Seasonal And Annual Respiration Of A Ponderosa Pine Ecosystem

  • Sites: US-Me4
  • Law, B. E., Ryan, M. G., Anthoni, P. M. (1999/02) Seasonal And Annual Respiration Of A Ponderosa Pine Ecosystem, Global Change Biology, 5(2), 169-182.
  • Funding Agency: —

  • The net ecosystem exchange of CO2 between forests and the atmosphere, measured by eddy covariance, is the small difference between two large fluxes of photosynthesis and respiration. Chamber measurements of soil surface CO2 efflux (Fs), wood respiration (Fw) and foliage respiration (Ff) help identify the contributions of these individual components to net ecosystem exchange. Models developed from the chamber data also provide independent estimates of respiration costs. We measured CO2 efflux with chambers periodically in 1996–97 in a ponderosa pine forest in Oregon, scaled these measurements to the ecosystem, and computed annual totals for respiration by component. We also compared estimated half-hourly ecosystem respiration at night (Fnc) with eddy covariance measurements. Mean foliage respiration normalized to 10 °C was 0.20 μmol m–2 (hemi-leaf surface area) s–1, and reached a maximum of 0.24 μmol m–2 HSA s–1between days 162 and 208. Mean wood respiration normalized to 10 °C was 5.9 μmol m–3sapwood s–1, with slightly higher rates in mid-summer, when growth occurs. There was no significant difference (P > 0.10) between wood respiration of young (45 years) and old trees (250 years). Soil surface respiration normalized to 10 °C ranged from 0.7 to 3.0 μmol m–2 (ground) s–1 from days 23 to 329, with the lowest rates in winter and highest rates in late spring.

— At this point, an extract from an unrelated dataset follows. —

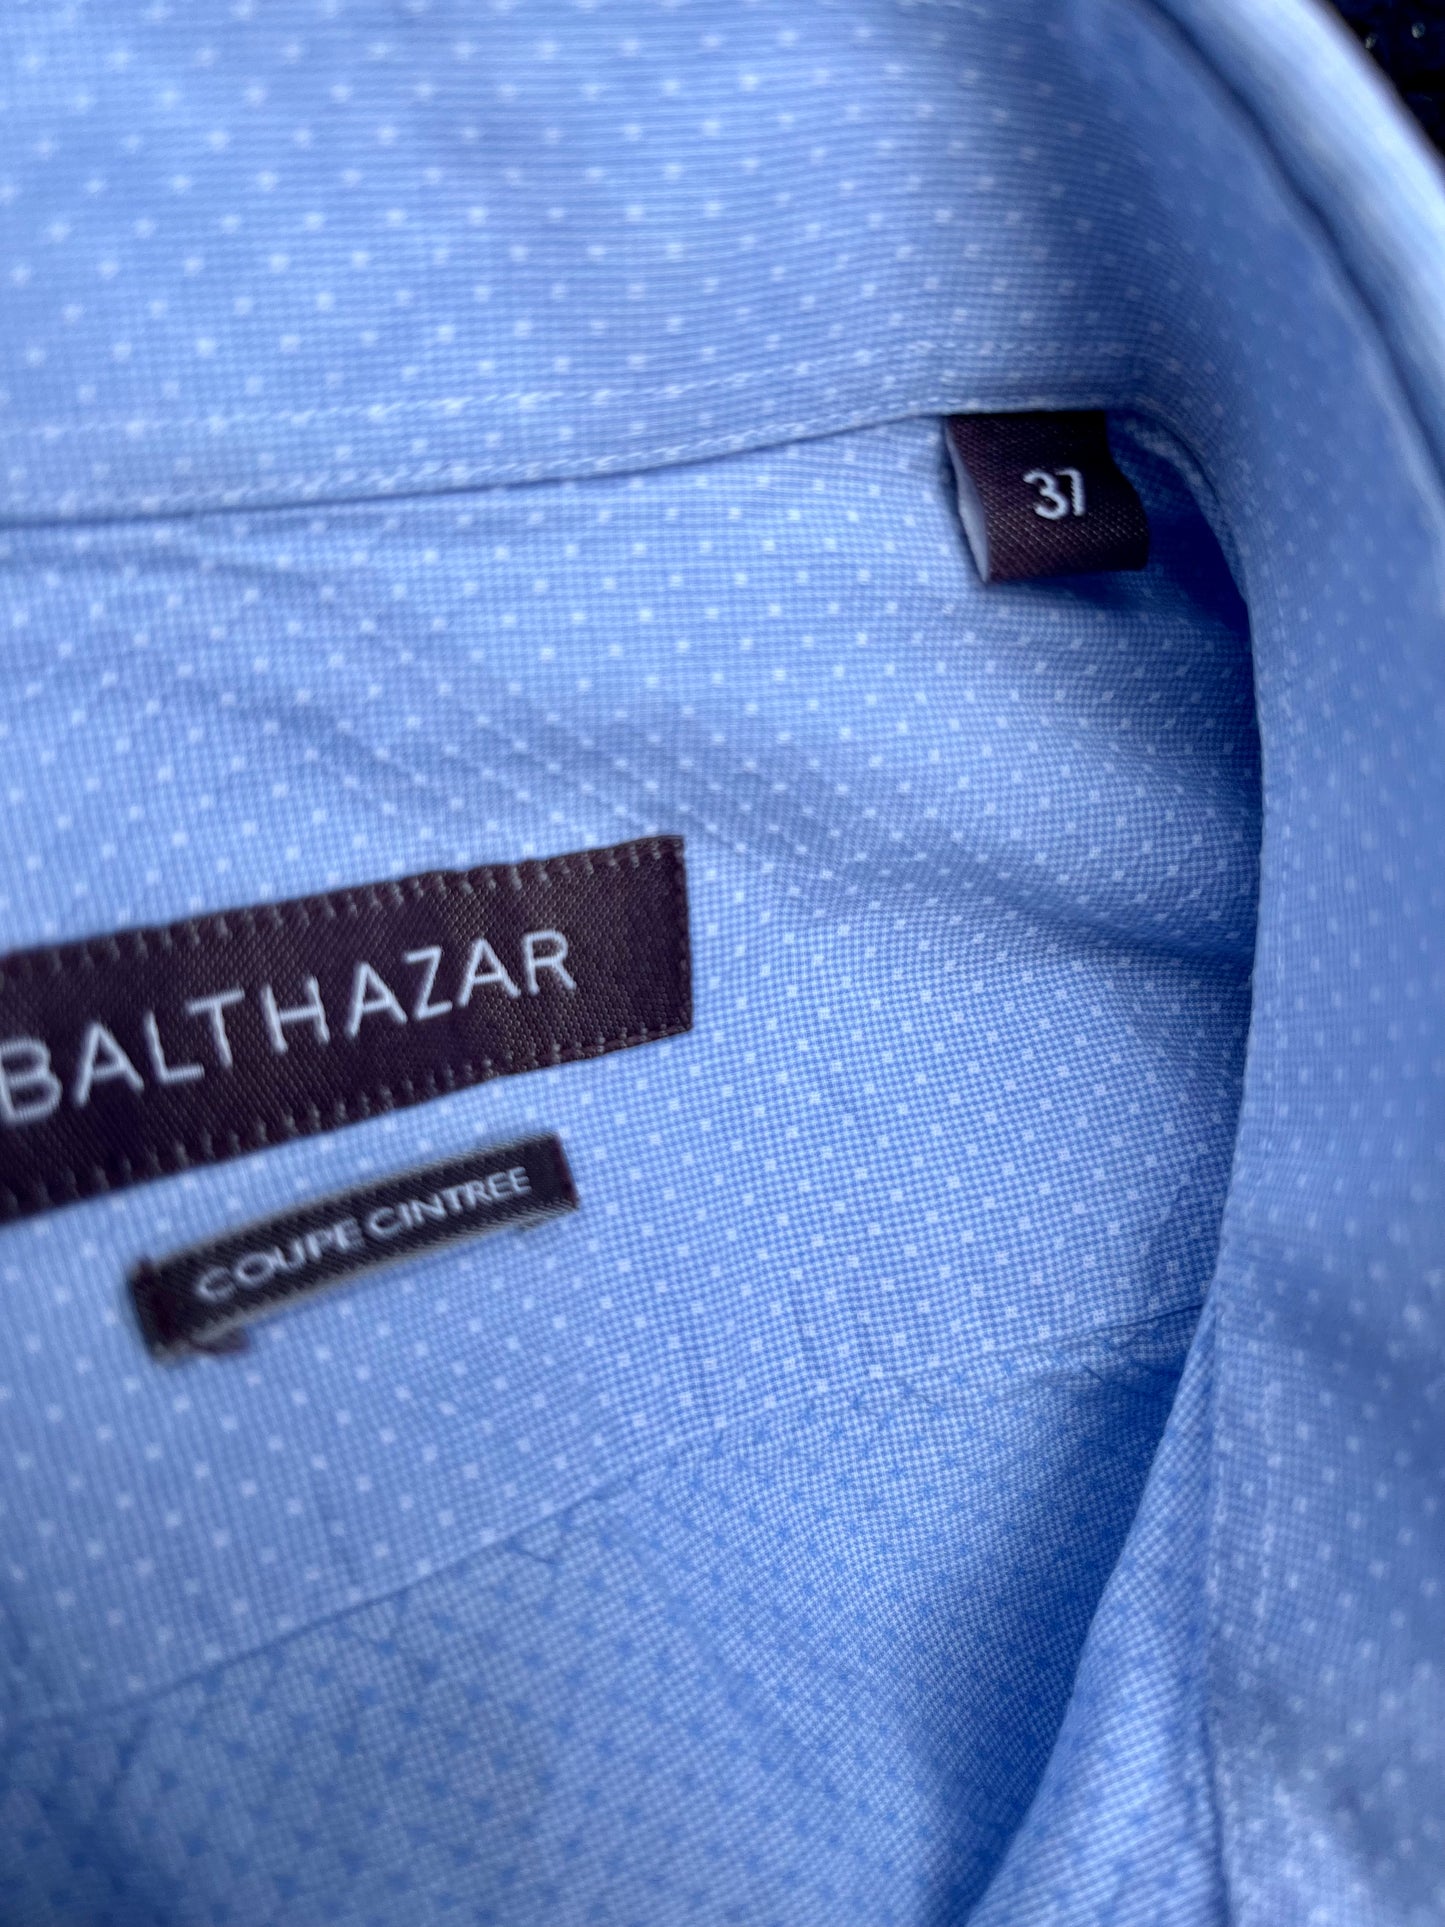 La chemise bleue à pois,  BALTHAZAR, taille S

Annual CO2 flux from soil surface, foliage and wood was 683, 157, and 54 g C m–2 y–1, with soil fluxes responsible for 76% of ecosystem respiration. The ratio of net primary production to gross primary production was 0.45, consistent with values for conifer sites in Oregon and Australia, but higher than values reported for boreal coniferous forests. Below-ground carbon allocation (root turnover and respiration, estimated as Fs– litterfall carbon) consumed 61% of GPP; high ratios such as this are typical of sites with more water and nutrient constraints. The chamber estimates were moderately correlated with change in CO2 storage in the canopy (Fstor) on calm nights (friction velocity u* < 0.25 m s–1; R2 = 0.60); Fstor was not significantly different from summed chamber estimates. On windy nights (u* > 0.25 m s–1), the sum of turbulent flux measured above the canopy by eddy covariance and Fstor was only weakly correlated with summed chamber estimates (R2 = 0.14); the eddy covariance estimates were lower than chamber estimates by 50%.